Build it underground. Seriously, you'll need at least four feet of dirt over the whole building to block the thermal signatures. You can call it a bomb shelter, cause that's where the bomb is sheltered. Other than that, you're fucked without a medcard. A strong heat signature coming from an out building that is not meant to be living space looks suspicious indeed. Remember, you will always be better safe than in prison.


----------



## WeeGogs (May 19, 2011)

insulate the whole inside/underside of the roof with loft insulation and seal it in with drywall, this will keep the heat in big time.


----------



## Buddy Ganga (May 19, 2011)

From another site...


How do I mask my heat emissions?
Note: Small grows (under 2000w) would probably not emit enough heat to warrant the effort or expense.

Note: Reducing grow room temperature will reduce heat emissions; however, the grow room will still be warmer than surrounding basement rooms.

This technique creates a false wall to contain cold air. Interlocking rigid foam panels prevent hot grow room air from contacting and warming house walls. Cold air is blown into the gap between the foam and the walls for maximum protection. The wall?s exterior will appear ?cold? to an IR camera, indicating a negative for internal heat.

· "Partial room" (insulate exposed walls only)
· "Room in a room" (entire rooms are insulated)

*Floor. Concrete foundations absorb heat readily. Build a sub floor to raise the entire grow off the floor.

*Walls. Use interlocking 1.5 or 2? foam insulation along all exposed walls. Place the insulation 1-4? away from walls, fit foam panels from floor to ceiling (some cutting may be required), and blow cold air into the gap. Seal seams and corners with tape. Cover walls with Mylar to reflect heat back into the room.

*Windows. Windows are essentially uninsulated, so you must fill the gap with insulation. Draw the curtains/blinds, add black poly behind, then add insulation.


----------



## hoagtech (May 19, 2011)

Duh. Just get rocket launcher JUST like in GTA


----------



## kalianepic (May 20, 2011)

Even if it is well insulated against letting heat out, you still have to do something with all of that heat. Buddys idea of having an air gap in the roof, with constant air flow through it is a good one. You could also filter the hot air to remove that chronic scent, and pump it into your house to help with the heat bill.


----------



## hoagtech (May 20, 2011)

No just line your line your sealed reflectors with IR insulation. It blocks 97% of light from IR scopes.

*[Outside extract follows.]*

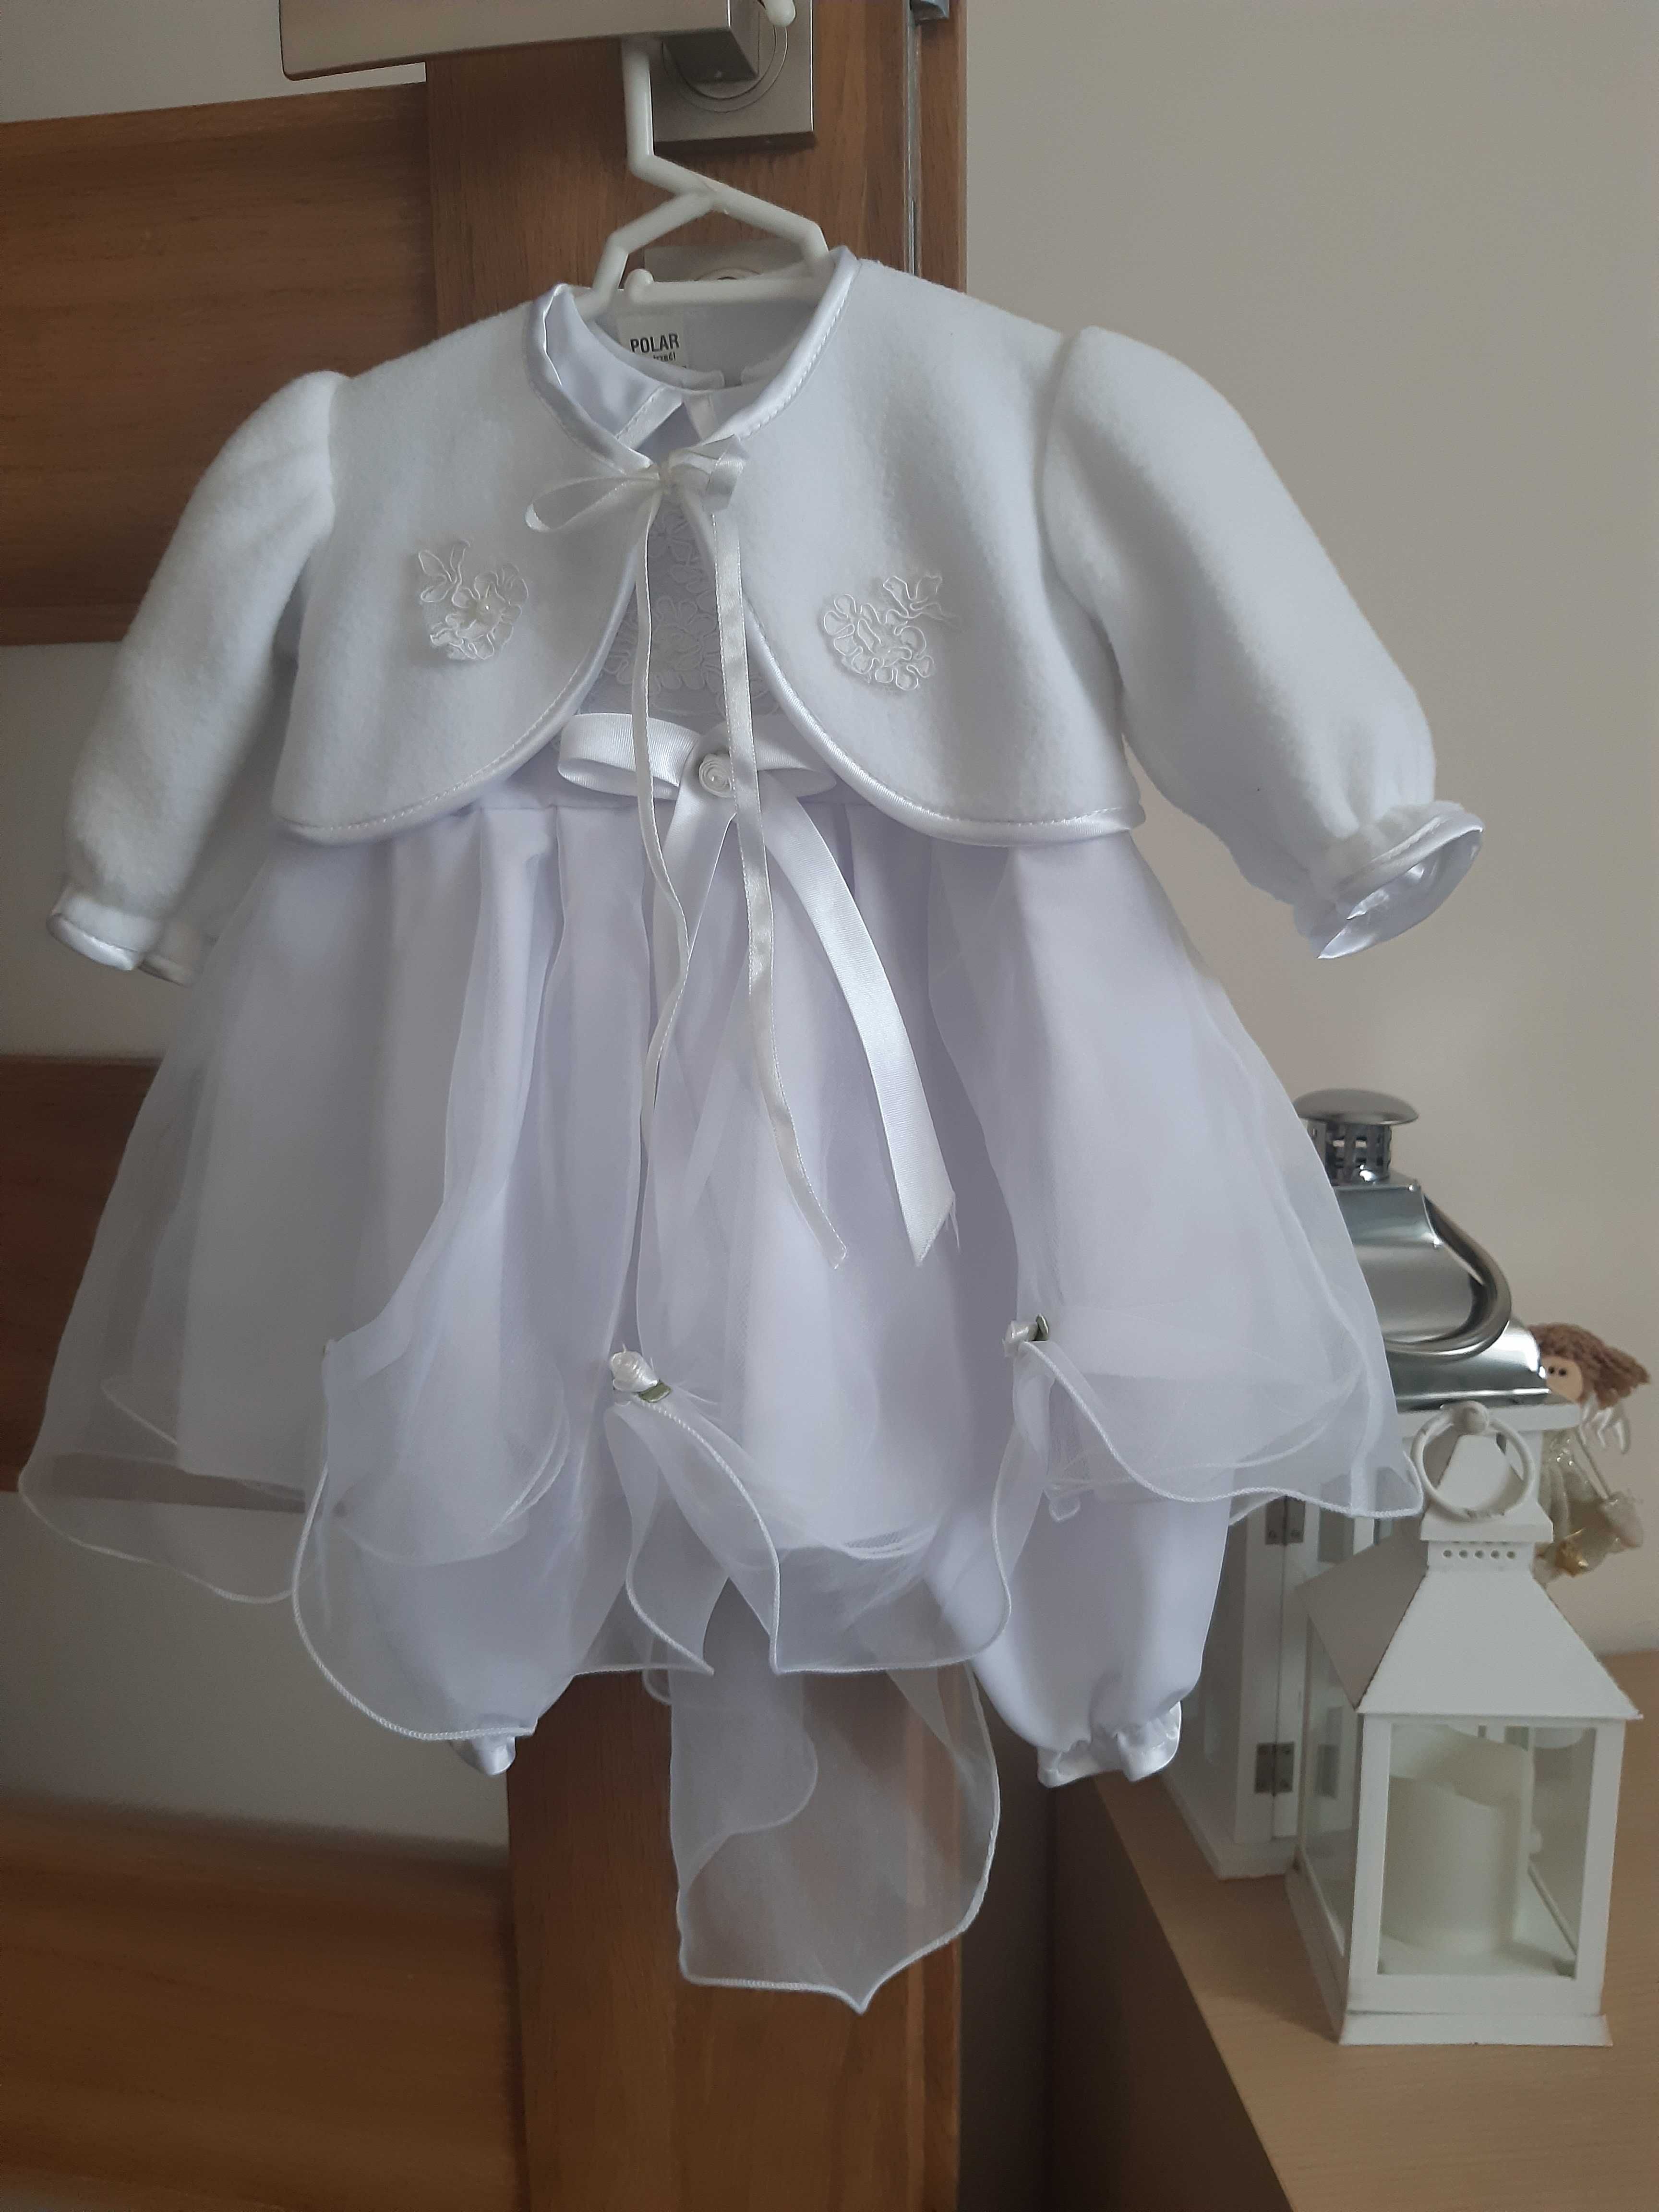 Ubranko - sukienka do chrztu dla dziewczynki roz. 62
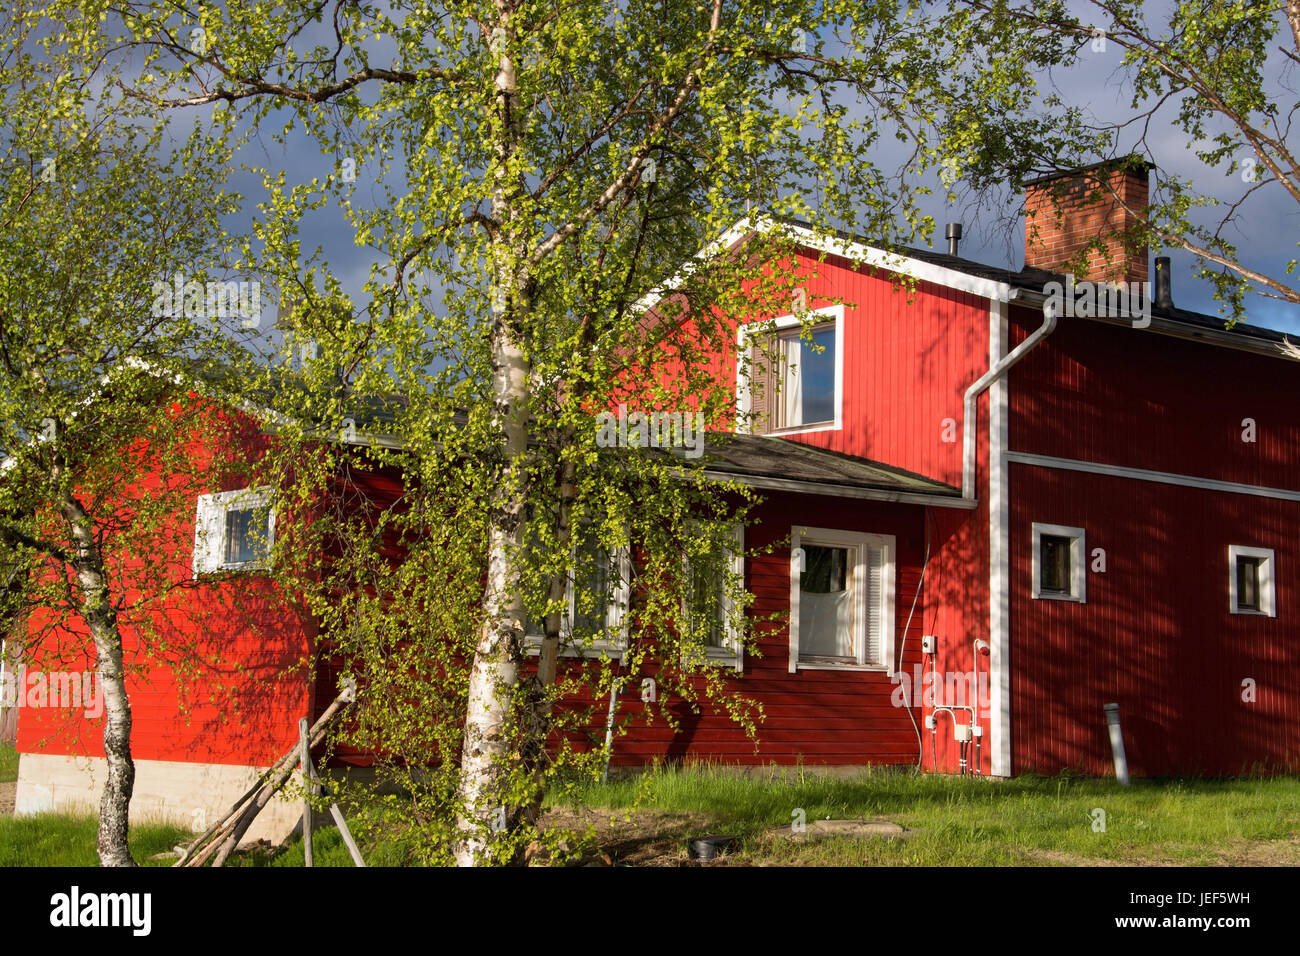 Typischen roten Holzhaus in Lappland, Finnland in den Abend Licht., Typisches Rotes Holzhaus in Lappland, Finnland Im Abendlicht. Stockfoto

View attachment 1610150View attachment 1610151

75 bucks from CAP for a 4' x35' swatch and it doubles as insulation


----------



## MJH54321 (May 20, 2011)

dan420pm said:


> hi im billding a shed that is going to have 2 1000w 40 plants with a hight of 3m by 5m
> and was wanting to now the best way to billed it to not be visabal by heat


Not gunna happen pal, i've been told the police helicopters dont even pick up heat signatures that well unless its over a certain temp. What they do is they rent helicopters off electricity company's that use a very expensive camera to detect breaks in wires that are underground and this is how they detect heat from crops, otherwise nobody would ever have been able to grow in a loft/attic because they fly over a vast area.


----------



## Anonymouse (May 20, 2011)

Ya ya, I dont think your problems the police, but keeping the plants at a reasonable temp in an outbuilding.


----------



## TheOrganic (May 20, 2011)

hoagtech said:


> No just line your line your sealed reflectors with IR insulation. It blocks 97% of light from IR scopes.
> 
> View attachment 1610150View attachment 1610151
> 
> 75 bucks from CAP for a 4' x35' swatch and it doubles as insulation


Where did you get these pics?


----------



## hoagtech (May 21, 2011)

TheOrganic said:


> Where did you get these pics?


My hard drive..


----------



## DrtyBngWtr (May 24, 2011)

The IR blocker sheeting does infact work. The only thing is initial expense. every sq. inch of your cabinet, tent or room has to be covered with a 2 inch overlap between sections. All seems should be sealed with aluminum tape. IR blocker sheeting is best used in new construction. If your worried about it why not. just know that its not cheap. and 1 sq. inch being uncovered defeats the hole project.


----------



## stephaniesloan (May 24, 2011)

MJH54321 said:


> Not gunna happen pal, i've been told the police helicopters dont even pick up heat signatures that well unless its over a certain temp. What they do is they rent helicopters off electricity company's that use a very expensive camera to detect breaks in wires that are underground and this is how they detect heat from crops, otherwise nobody would ever have been able to grow in a loft/attic because they fly over a vast area.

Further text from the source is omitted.